The baby sleep solution
When it comes to conquering baby sleep, Lucy Wolfe has seen – and solved – it all. Her stay-and-support approach has helped thousands of people achieve the holy grail of parenthood – a full night’s sleep! But as every parent knows, even with the best sleep routine in place, things can go awry. In her new book, Lucy addresses the most common problems she encounters when working with families, offering quick solutions that help you address specific issues. Experiencing sleep challenges with your infant or child can have a debilitating effect on the entire family unit. Everybody’s situation and every child is different, and what tired parents crave is a quick answer and better understanding of what exactly the sleep issue they are facing is, and how to tackle these interruptions as they arise. By helping parents understand their child’s sleep science and common tendencies in the first three years, Lucy shows parents how to introduce and maintain a gentle approach that is
98% effective in addressing sleep issues. Here in this exclusive extract from her new book All About The Baby Sleep
Solution: Your Questions Answered, Lucy looks at barriers to sleep success and how to solve them.
The changes I will encourage parents to make are both evidence and practice based, formed through my work over the years and continually refined while assisting parents through their challenging and frustrating sleep issues. My aim in my book is to widen my one-to-one consultation work, but sometimes the only remedy is to work directly with a practitioner to receive a personalised individual plan with support and guidance to reach your goals. Don’t be afraid to reach out if you feel that the journey on your own is too overwhelming, because it can happen. But, that said, literally thousands of parents have mastered great sleep by applying my strategies and suggestions from The Baby
Sleep Solution.
A number of factors can reduce the chances of your sleeplearning plan working, and I want to outline them for you so that all your efforts will give a yield and help you to reach your goals – provided they are realistic in the first place.
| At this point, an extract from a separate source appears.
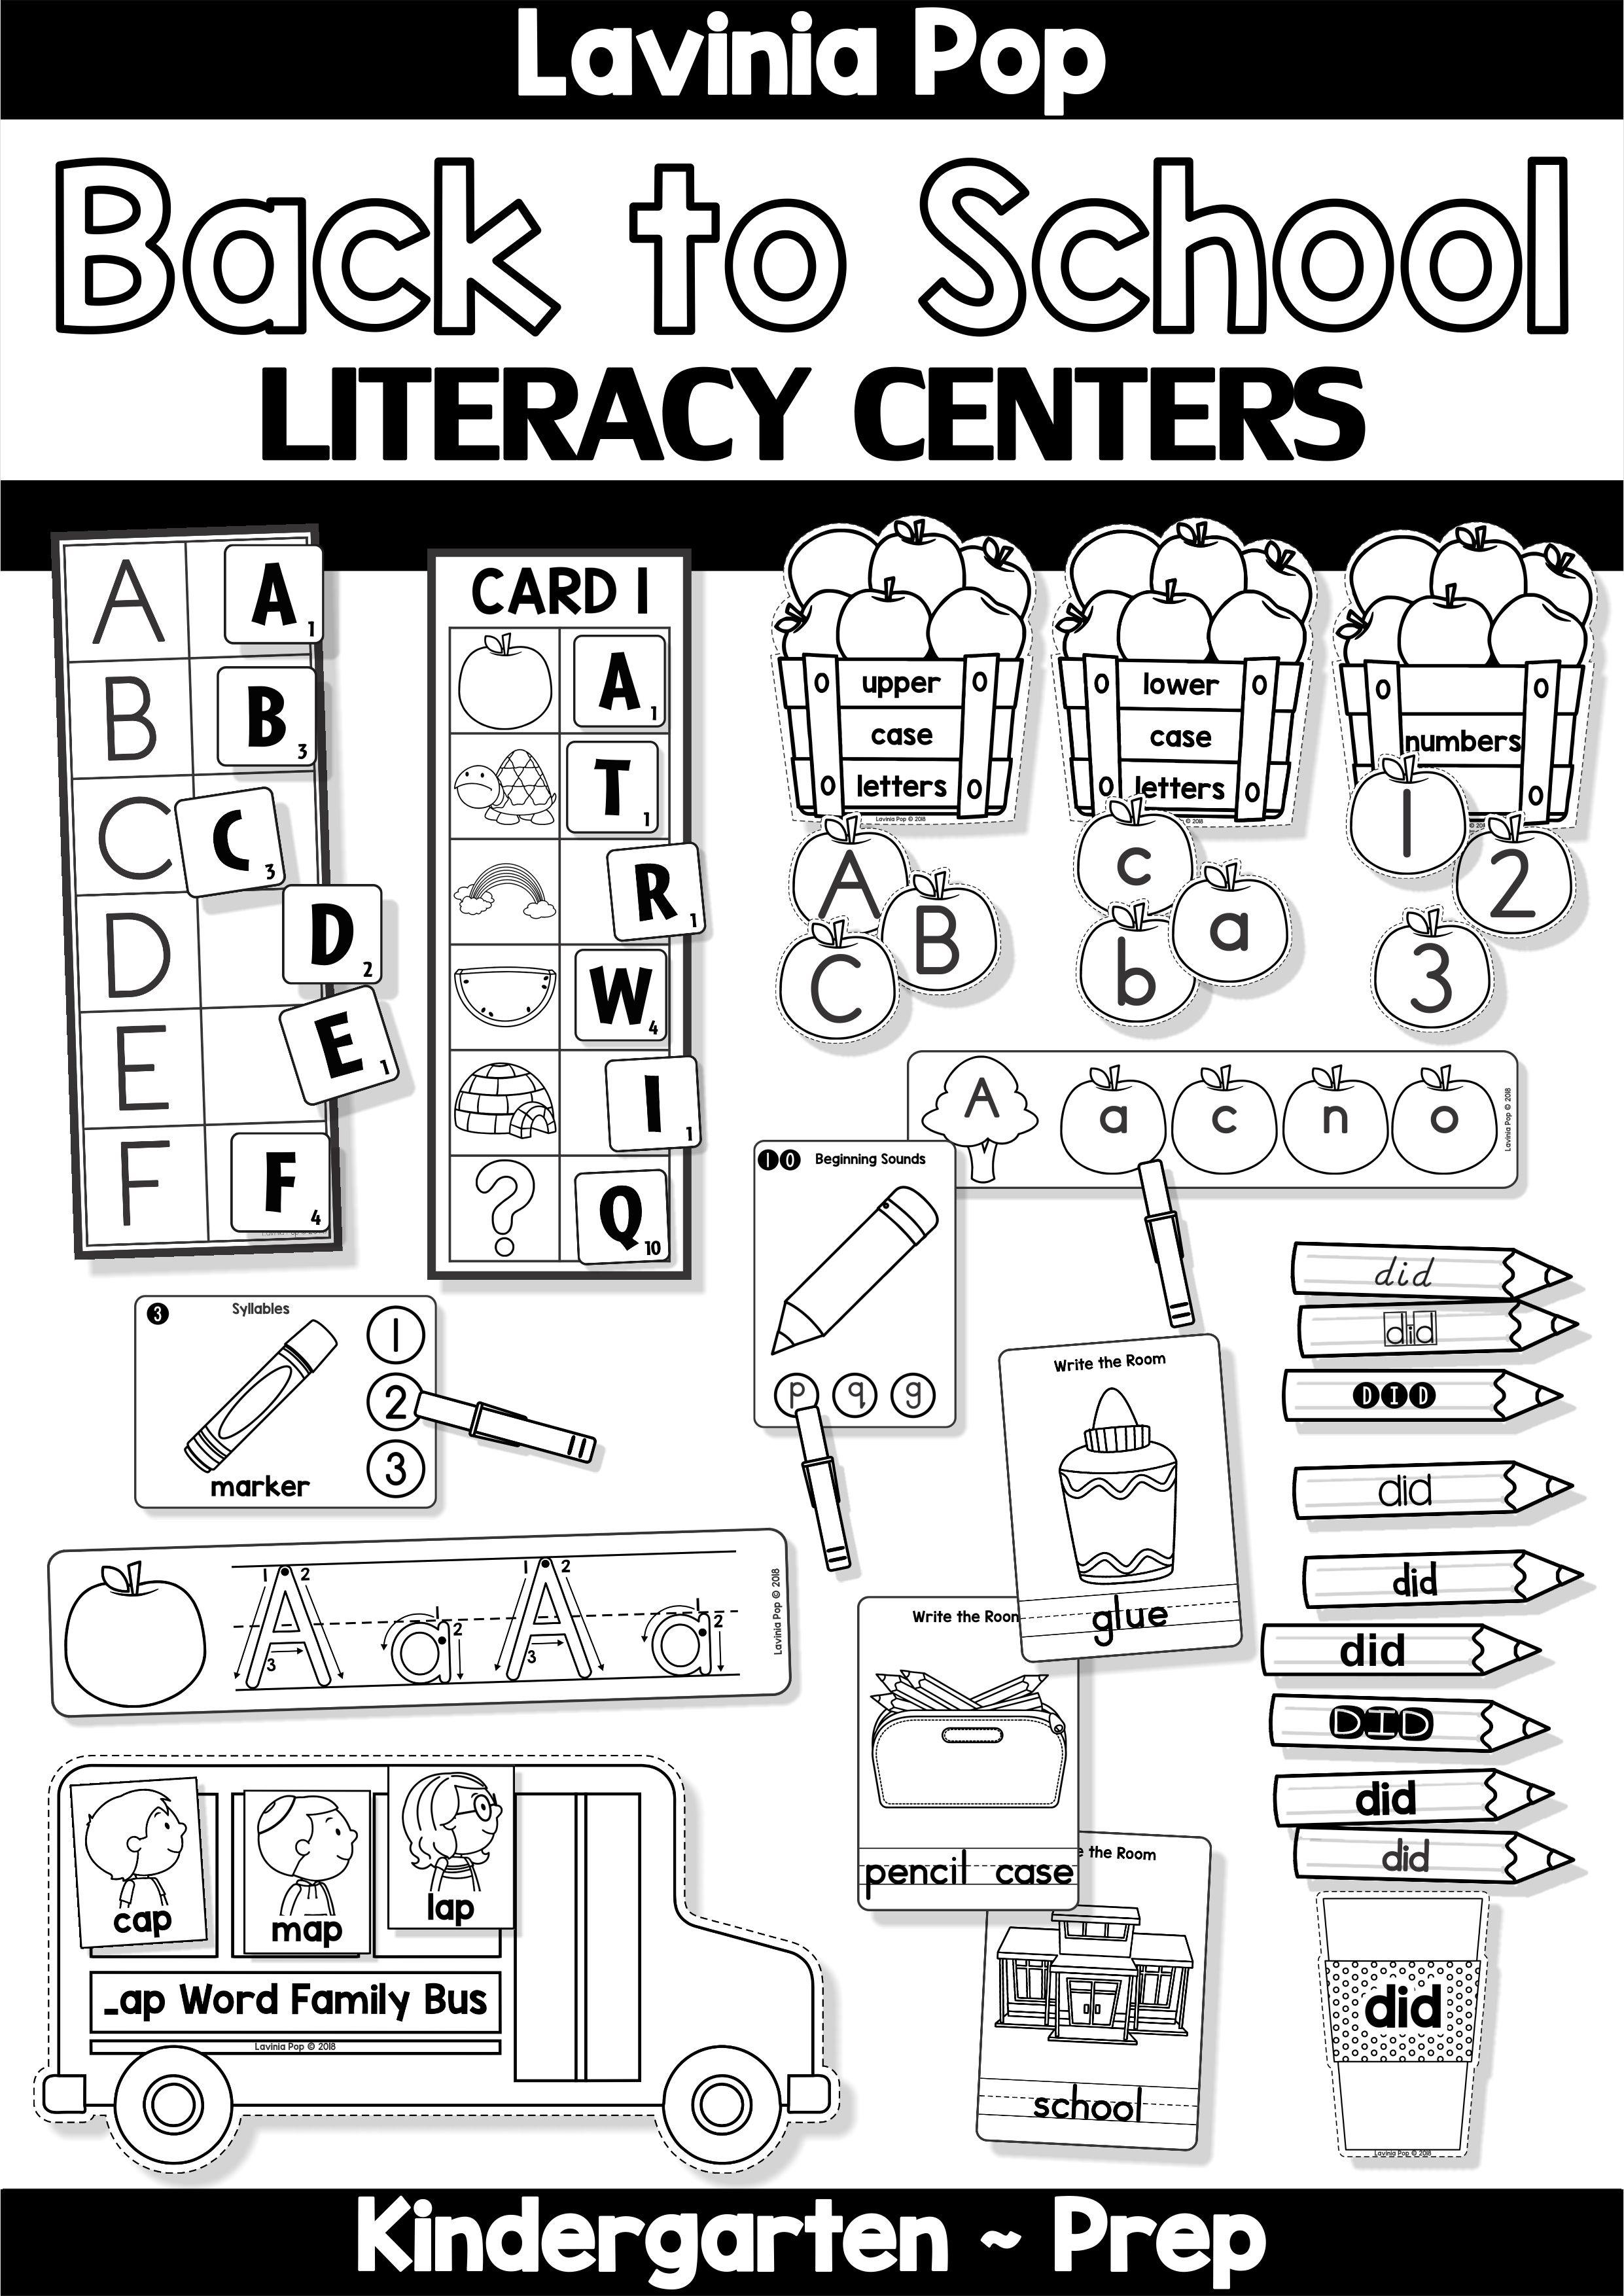 Back To School Literacy Centers For Kindergarten B Amp W

I often hear of parents who have ‘tried everything’, whether from a book – mine or another’s – through forums, advice online, tips from friends and relatives, yet they really feel that their child ‘just won’t sleep’. Beyond six months, there are some main factors that, together or separately, can dilute your efforts:
1. Bedtime addressed too late or when the child is already overtired.
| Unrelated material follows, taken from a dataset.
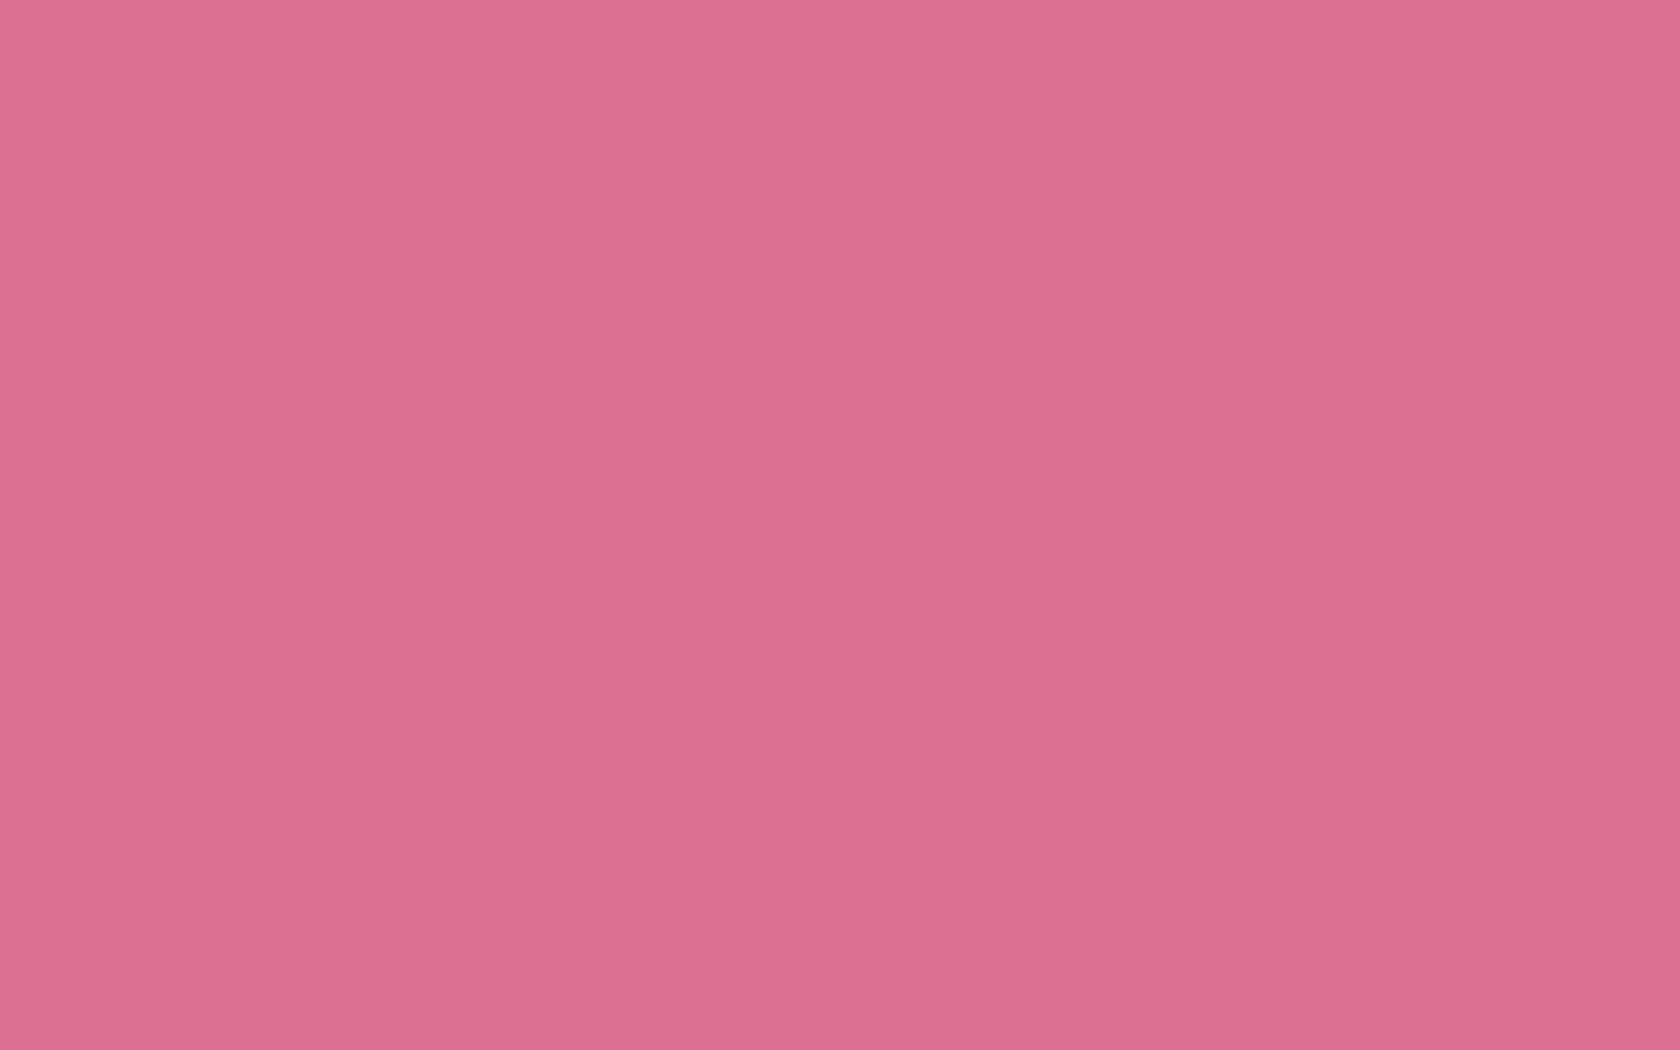 1680x1050 Pale Violet-red Solid Color Background

2. Nap imbalance or napdeprivation dynamic.
3. Reduced level of sleep ability. 4. Overnight not yet addressed consistently.
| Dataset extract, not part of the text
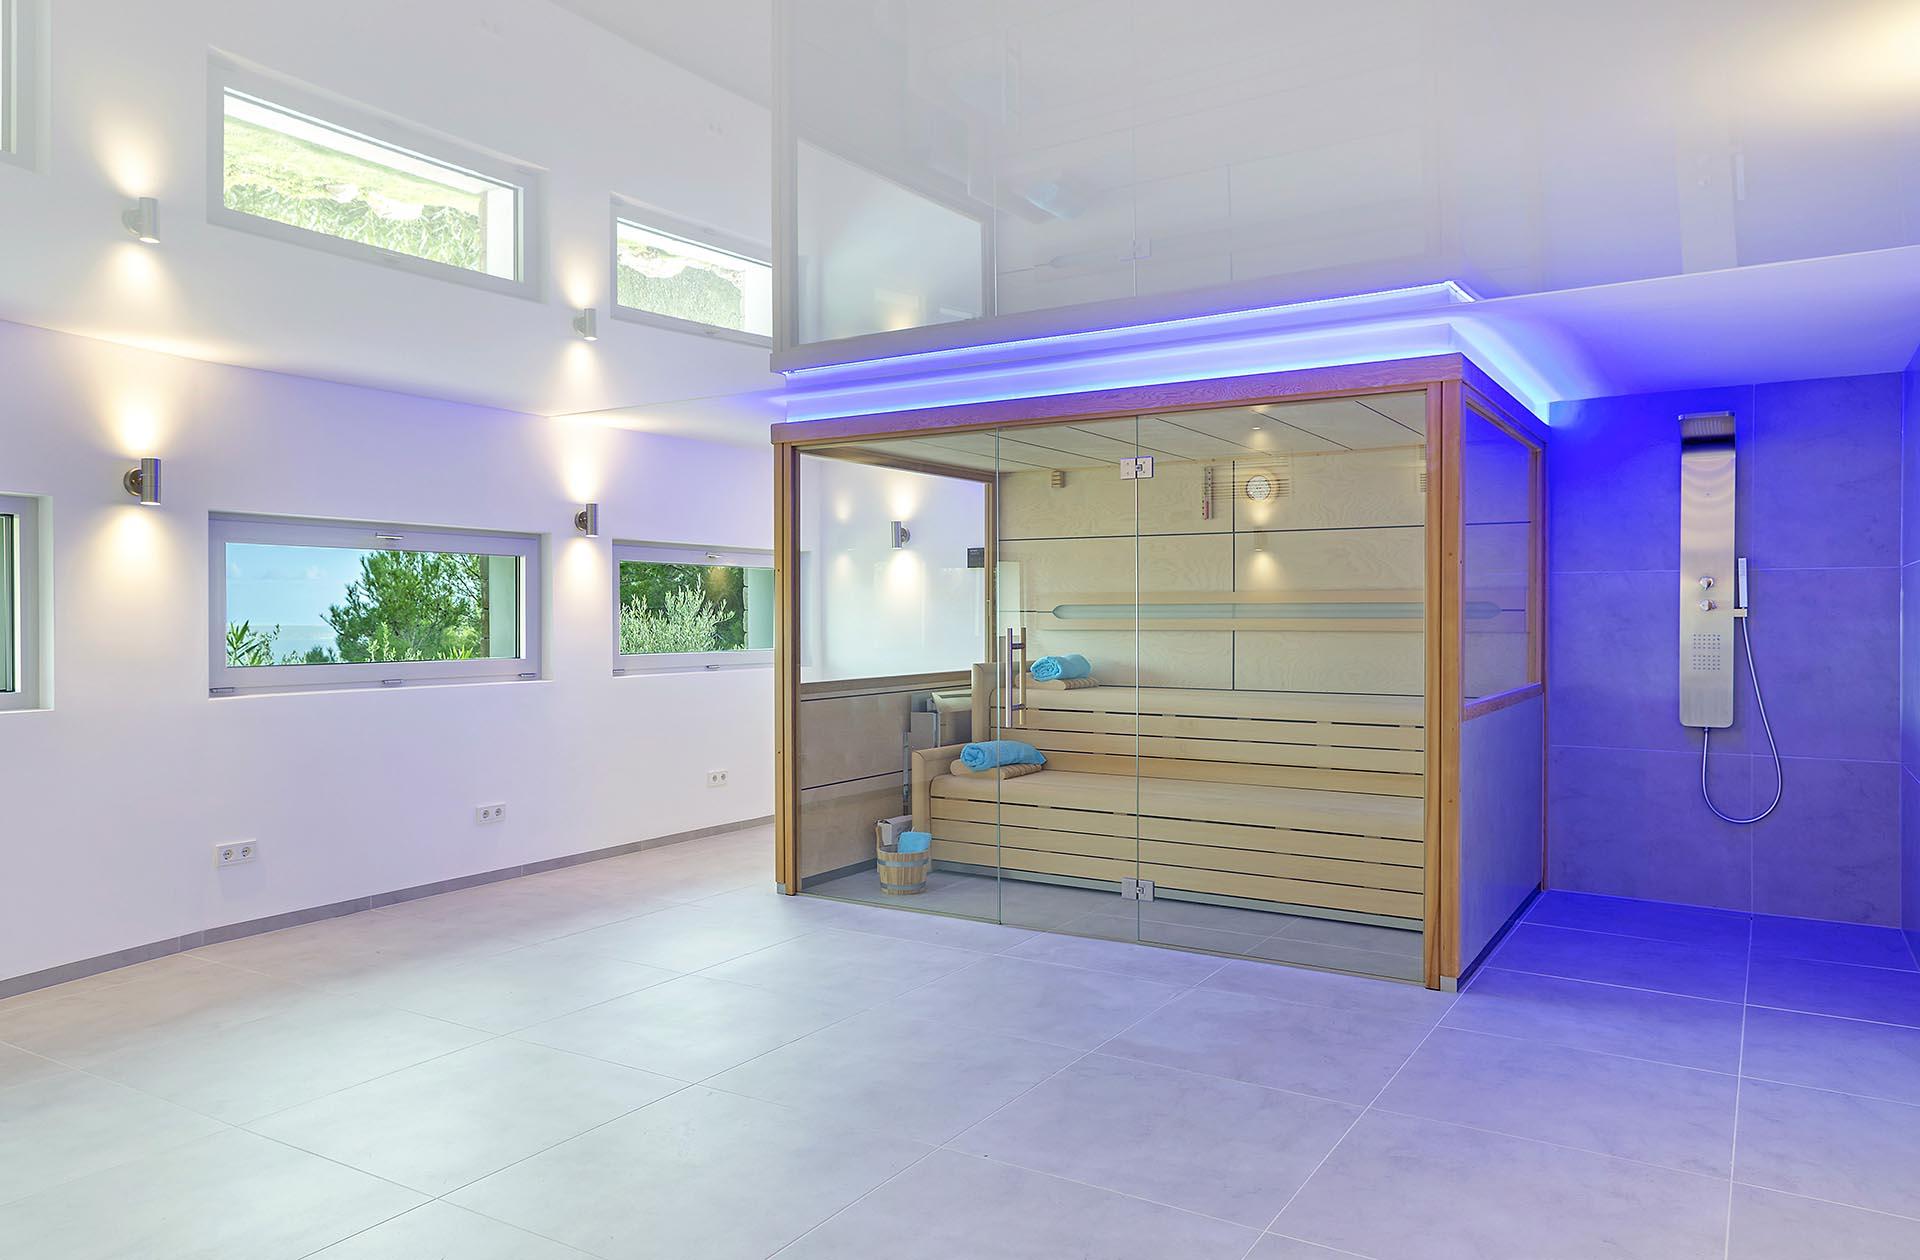 Beautiful modern villa in Costa den Blanes - Luxurious sauna area

We’ll look at each of these points in detail here.
1. LATE BEDTIMES
Generally, an early onset of sleep helps your child go to sleep with greater ease and stay asleep for longer. Bedtime for young children, from about four months to six years-plus ranges between 6pm and 8pm. However, when your child is not routinely sleeping well, then nothing is early enough! Even 7.15pm or 7.30pm is too late when your child does not usually sleep well overnight and/ or by day too.
Perhaps your child’s night-time sleep is good but daytime sleep isn’t. When bedtime is slightly too late biologically, it can prevent daytime sleep happening with ease, so observing an earlier bedtime tends to support better sleep overall – both overnight and by day. To further help you, I have devised the bedtime number line to encourage you to practise an earlier bedtime when age appropriate and when hoping to achieve increased sleep by day and by night. This will help you stop attempting bedtime too late.
THE BEDTIME NUMBER LINE
1. 5pm – dinner
2. 5.45–6.15pm – fixed feed
3. 6.30pm – bedtime routine
4. 6.50pm – into cot/bed
Q
I’m worried that an earlier bedtime will mean that he will be awake even earlier!
A
When I mention early bedtimes in group settings, parents often have objections – ‘it seems too early’, ‘I’m worried about the wake time in the morning’, ‘I won’t see my child – I’m barely home from work then’ – and I understand those concerns. But if you really want to improve your child’s sleep and promote longer sleeping durations, then observing an early (in bed asleep by 7pm) bedtime is a necessary adjustment in most instances.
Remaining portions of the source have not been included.